P.J. O’Rourke has never been afraid to tackle big subjects. Previous books have attempted to explain the entire US Government, refute the arguments of the environmental lobby, and describe the bits of the Gulf War that CNN wouldn’t broadcast. With his latest book, “Eat The Rich”, PJ sets his sights on possibly the biggest question of them all: “Why do some places prosper and thrive, while others just suck?”
To answer this question O’Rourke embarks on more globetrotting, this time calling in at Cuba, Tanzania, Russia, Sweden and Hong Kong – among others – to try and find out why some countries are obscenely successful and others aren’t. How can the tiny island of Hong Kong be such an economic success while Tanzania, rich in natural resources, is a dismal failure?
Despite the serious subject matter, O’Rourke gleefully takes pot-shots at every target he can find, whether describing Russian Mafia wives as having “covered their bodies in Elmer’s Glue and run through the boutiques of Palm Springs buying whatever stuck” or pointing out the flaws in economic theory. “A society can produce both guns and butter, they say, but if the society wants to produce more guns it will have to – because of distribution of resources, capital and labor – produce less butter. Using this example you’ll notice that, at the far reaches of gun-producing efficiency, Howitzers are being manufactured by cows. And this is just one of the reasons we can’t take economists too seriously.”

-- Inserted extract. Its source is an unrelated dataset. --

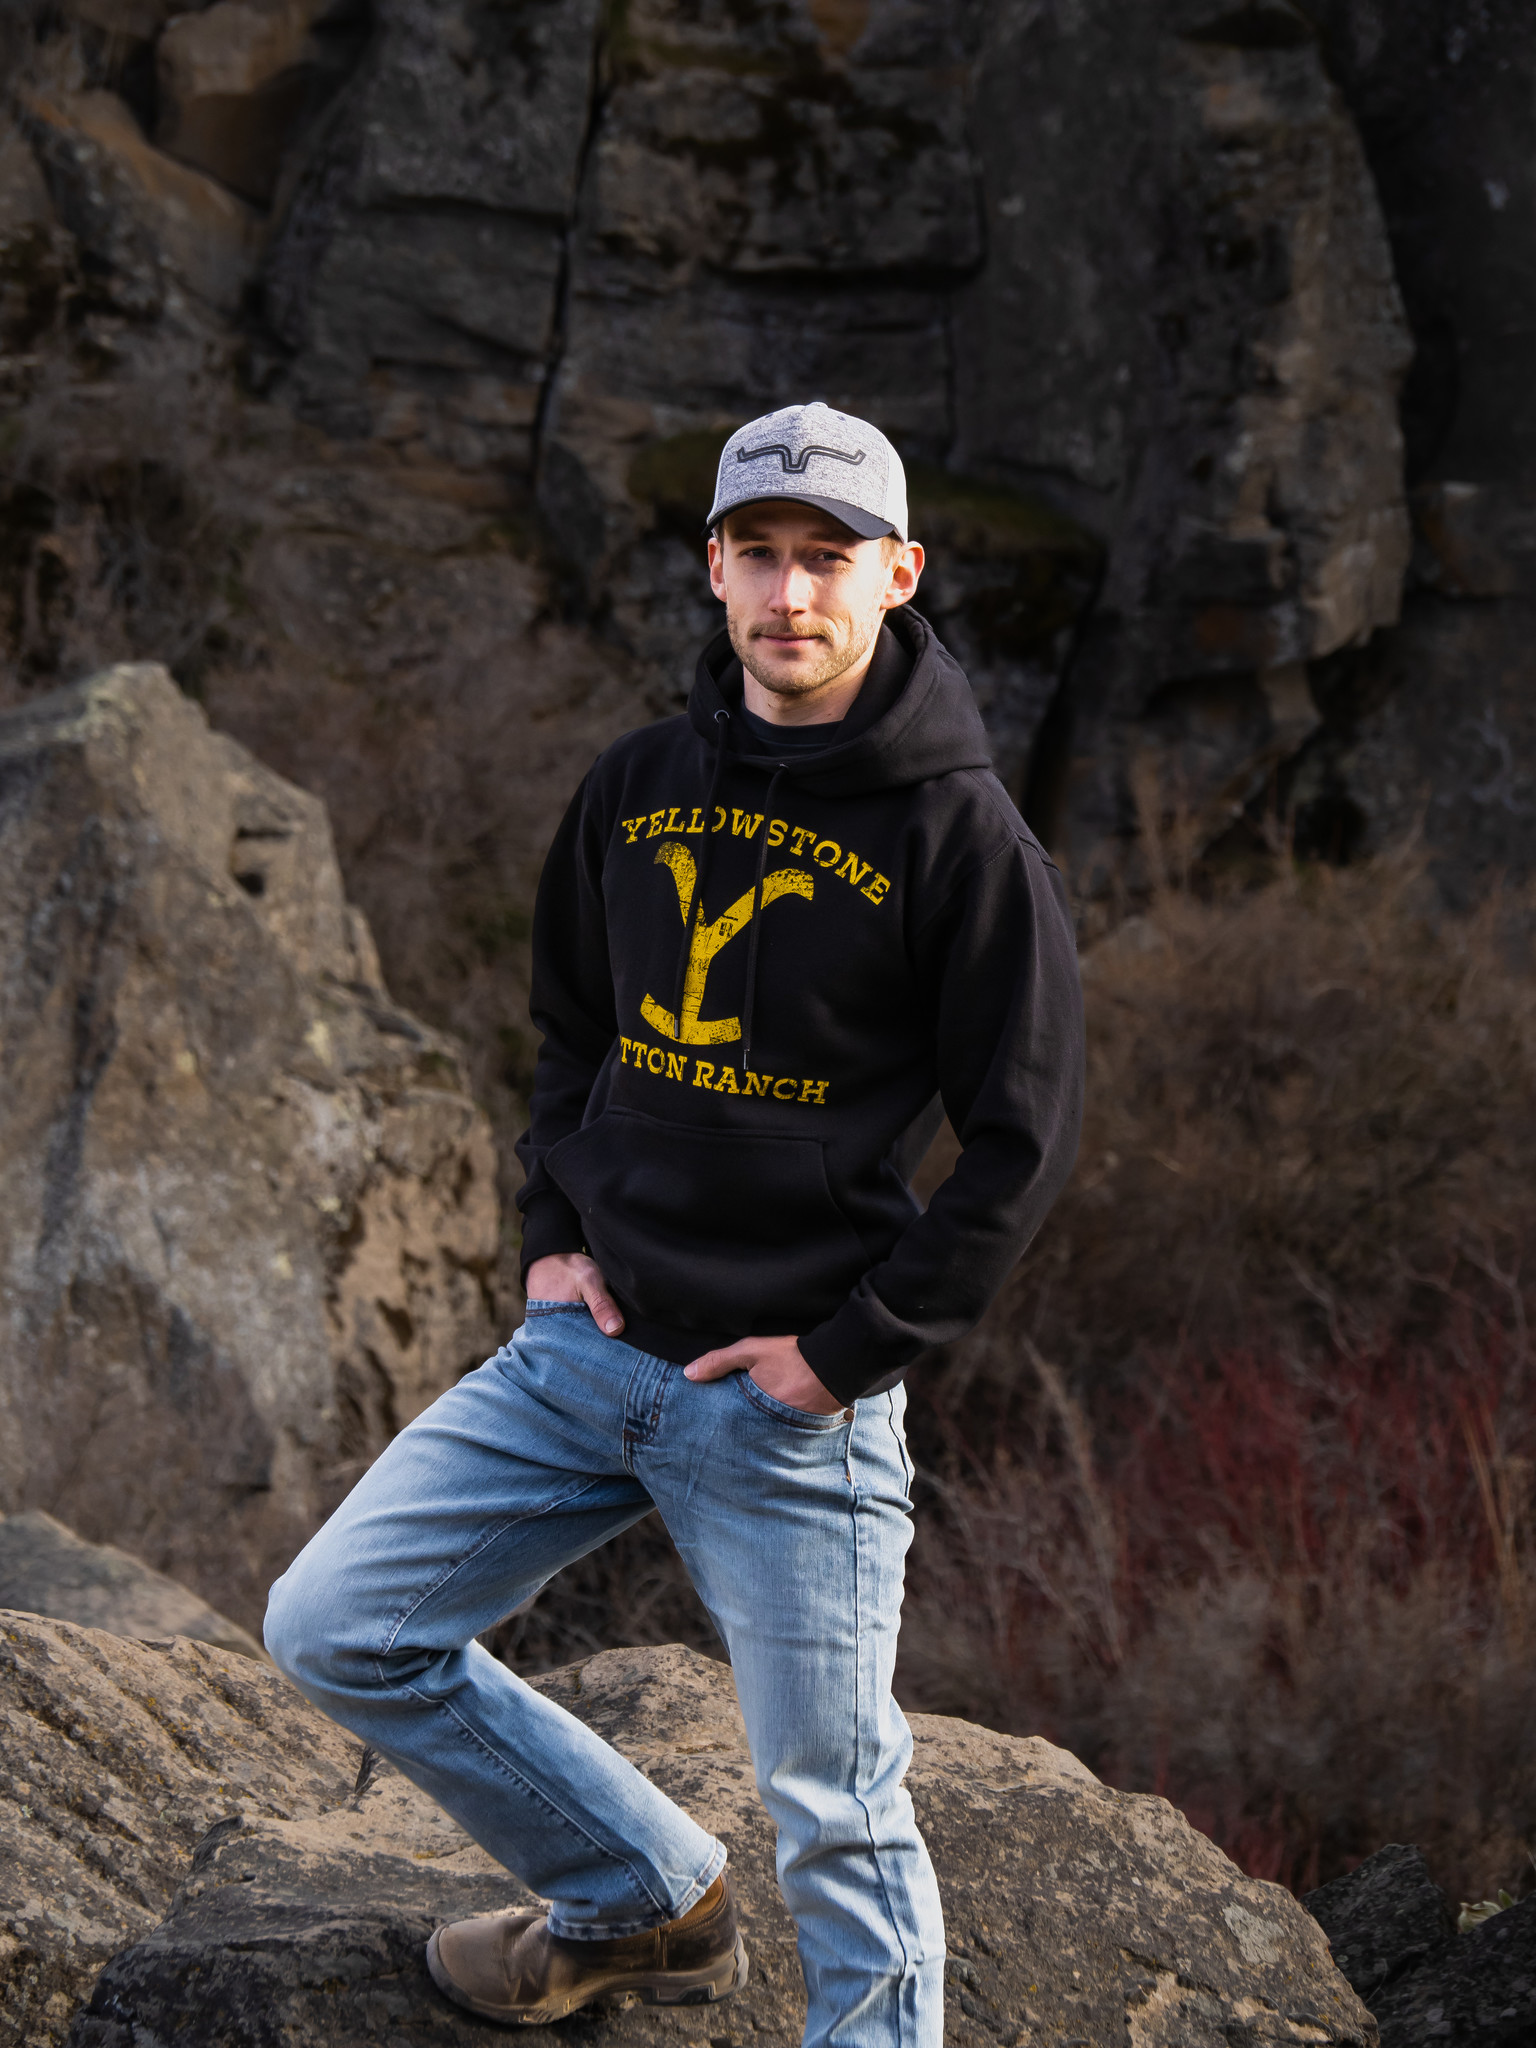 Dixie's Carries Yellowstone Apparel!

PJ’s particular skill is that the jokes don’t distract from the stories he recounts. Even as he attacks sacred cows left, right and centre (“maybe Hong Kong just wasn’t one of those vital, strategic places worth fighting for, like the Falklands. Maybe the Poms only intervene militarily where there’s enough sheep to keep the troops entertained”) he writes movingly about the human wreckage left behind by failed political and economic experiments. In Albania he discovers the only economy to have been bankrupted by pyramid selling schemes; in Russia he discovers a twisted form of capitalism where “the only way to enforce a contract is, as it were, with a ‘contract’ – and plenty of enforcers”.
The self-proclaimed Republican Party Reptile is equally savage towards his own country and, in particular, the barely comprehensible world of the stock market. Shares, he explains, entitle you to a share of a company’s profit – “specifically, you get the profits that are left after the corporation settles its tax bill, pays off its bond debts and other prior obligations, gives enormous bonuses to its top executives, uses part of its earnings to buy other corporations and Indonesian real estate, and retains another part of its earnings in case it needs to buy more Indonesian real estate”.

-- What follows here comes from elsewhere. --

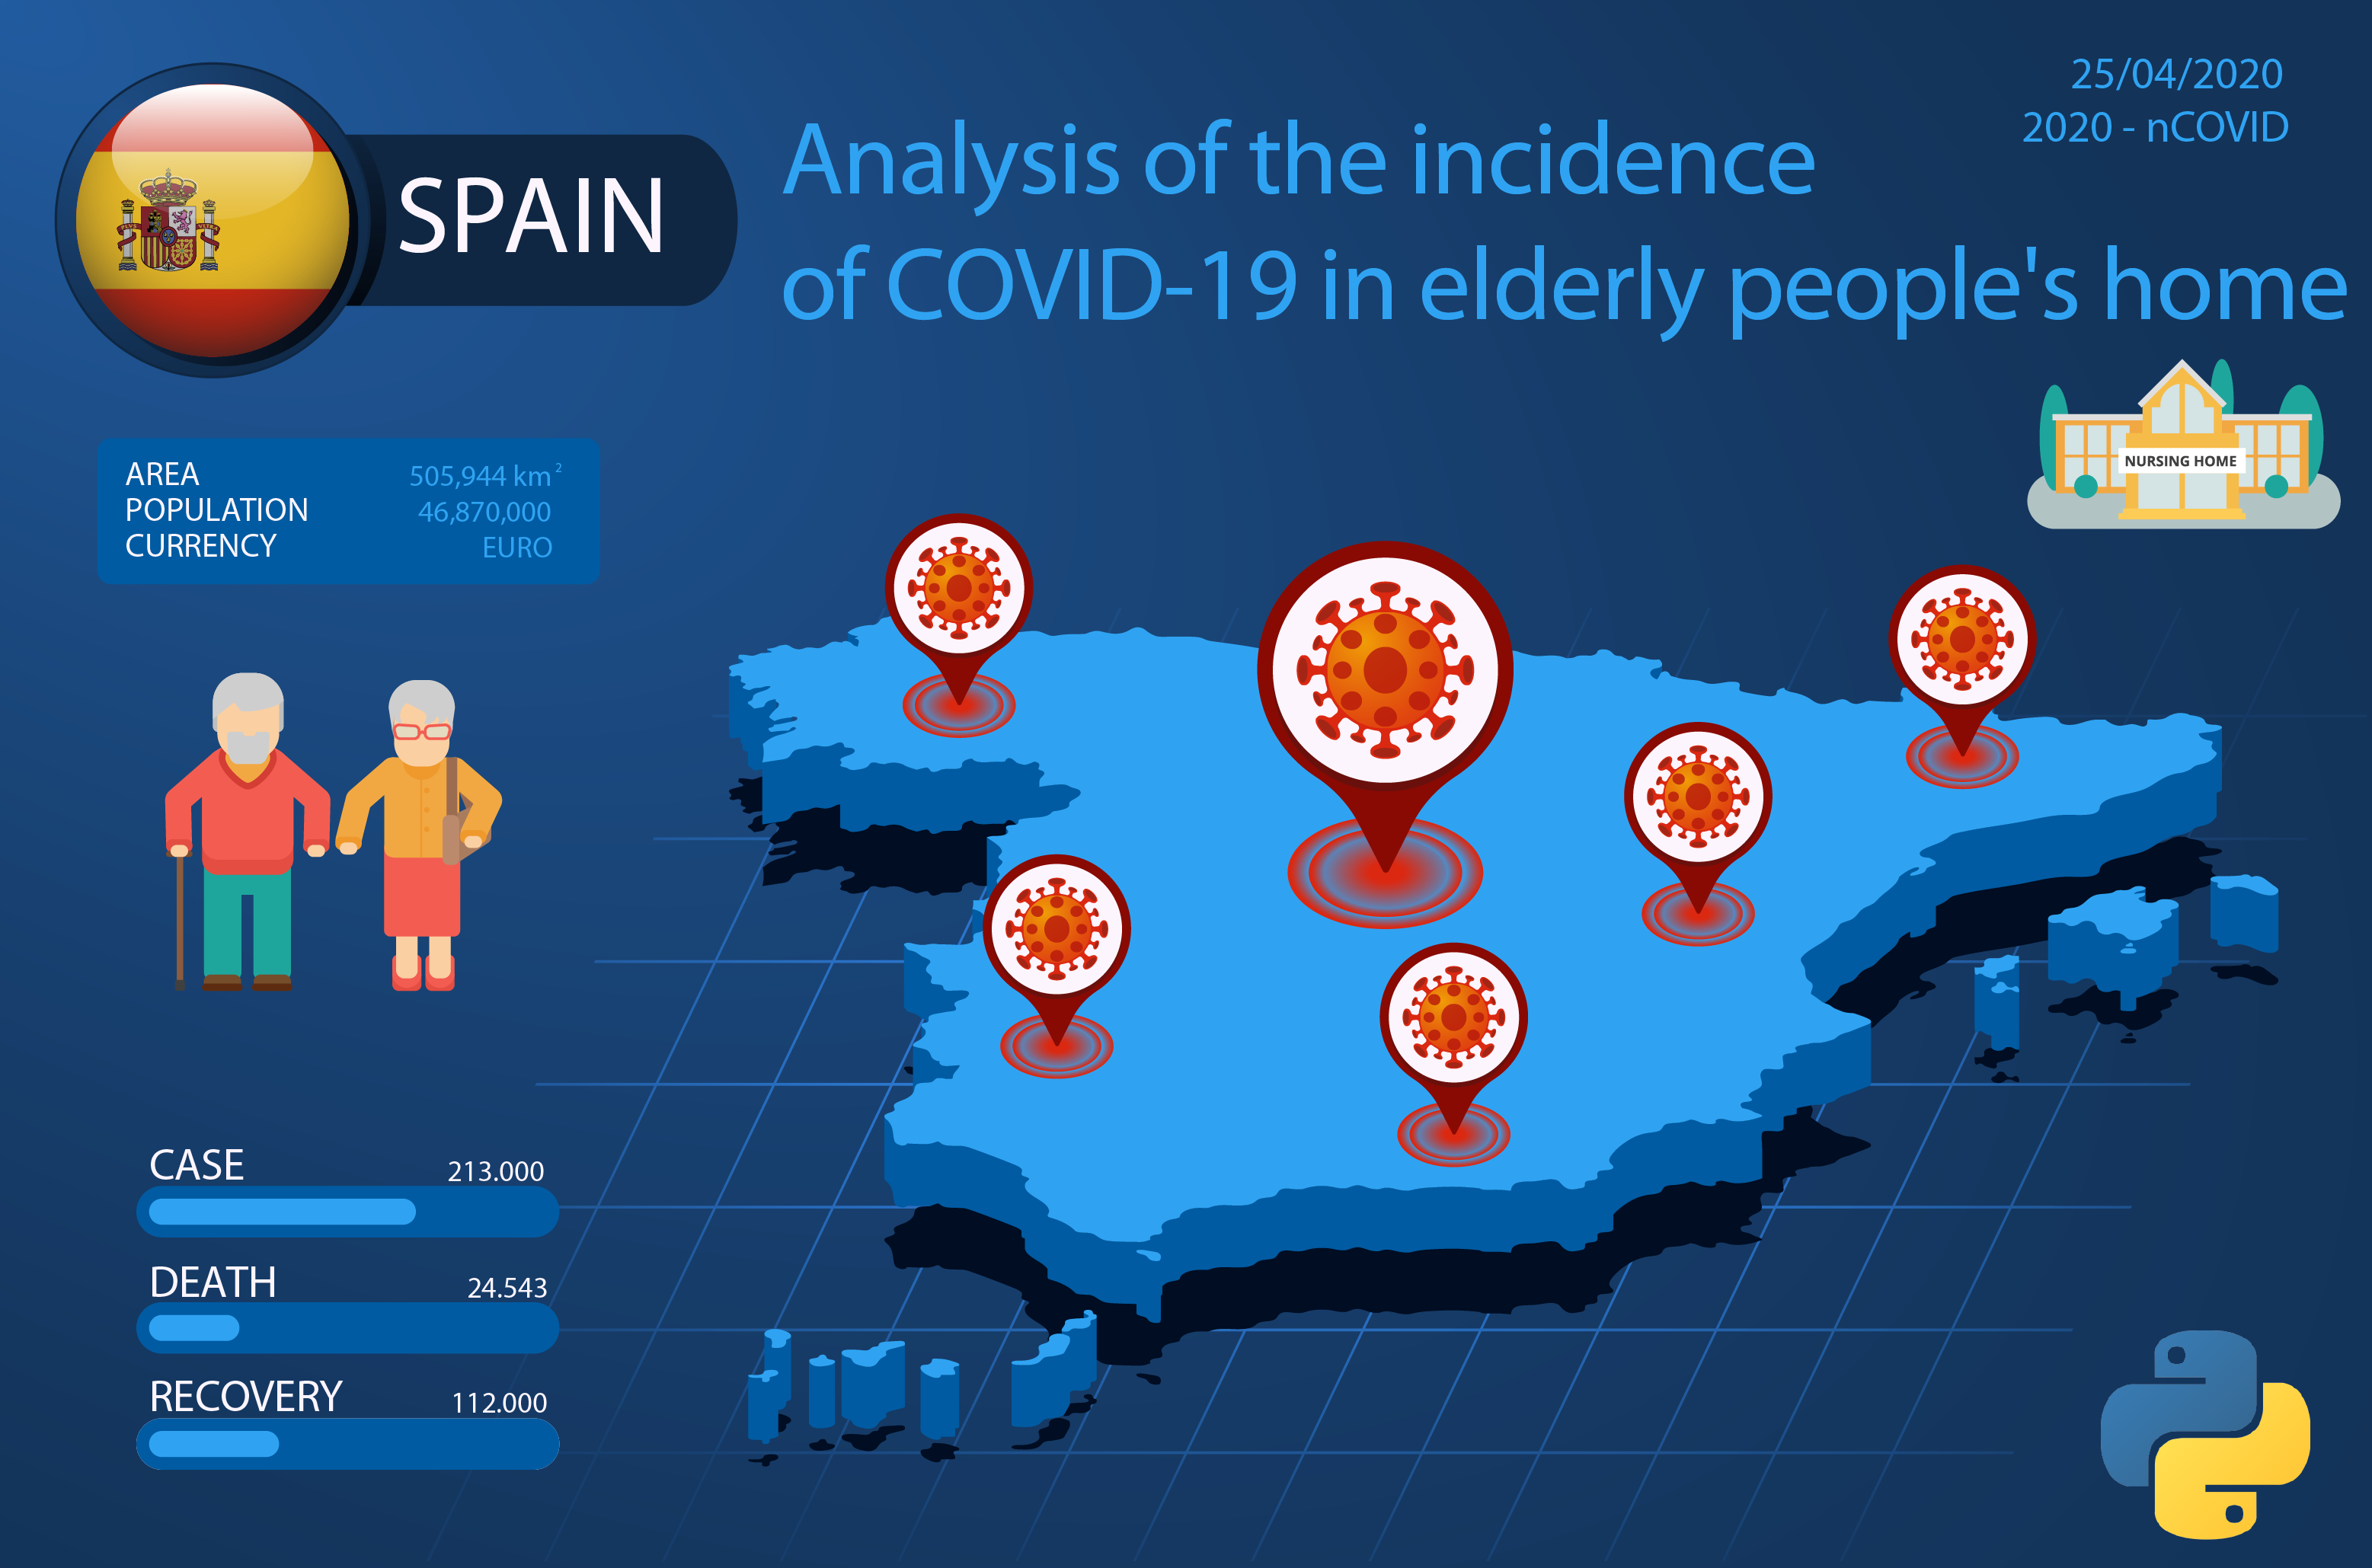 Analysis of the incidence of COVID-19 in elderly people's home

In conversation with Spike’s Chris Mitchell in 1997, O’Rourke explained that he wanted to write a book about economics which was fun to read. “At least here I’m dealing with human endeavour to better oneself and one’s time, rather than the human endeavour to whack each other over the head. It should be a bit more optimistic”. You read it here first, folks.
In “Eat The Rich” he succeeds in making economics amusing – often hysterically so – but his optimism faces stiff opposition. Everywhere he travels he meets people who are trying to survive while governments of all political hues continue to create chaos by meddling with things they don’t understand. Ultimately, though, “Eat The Rich” is prime-time PJ, full of the sharp humour and vicious satire which characterises his best writing.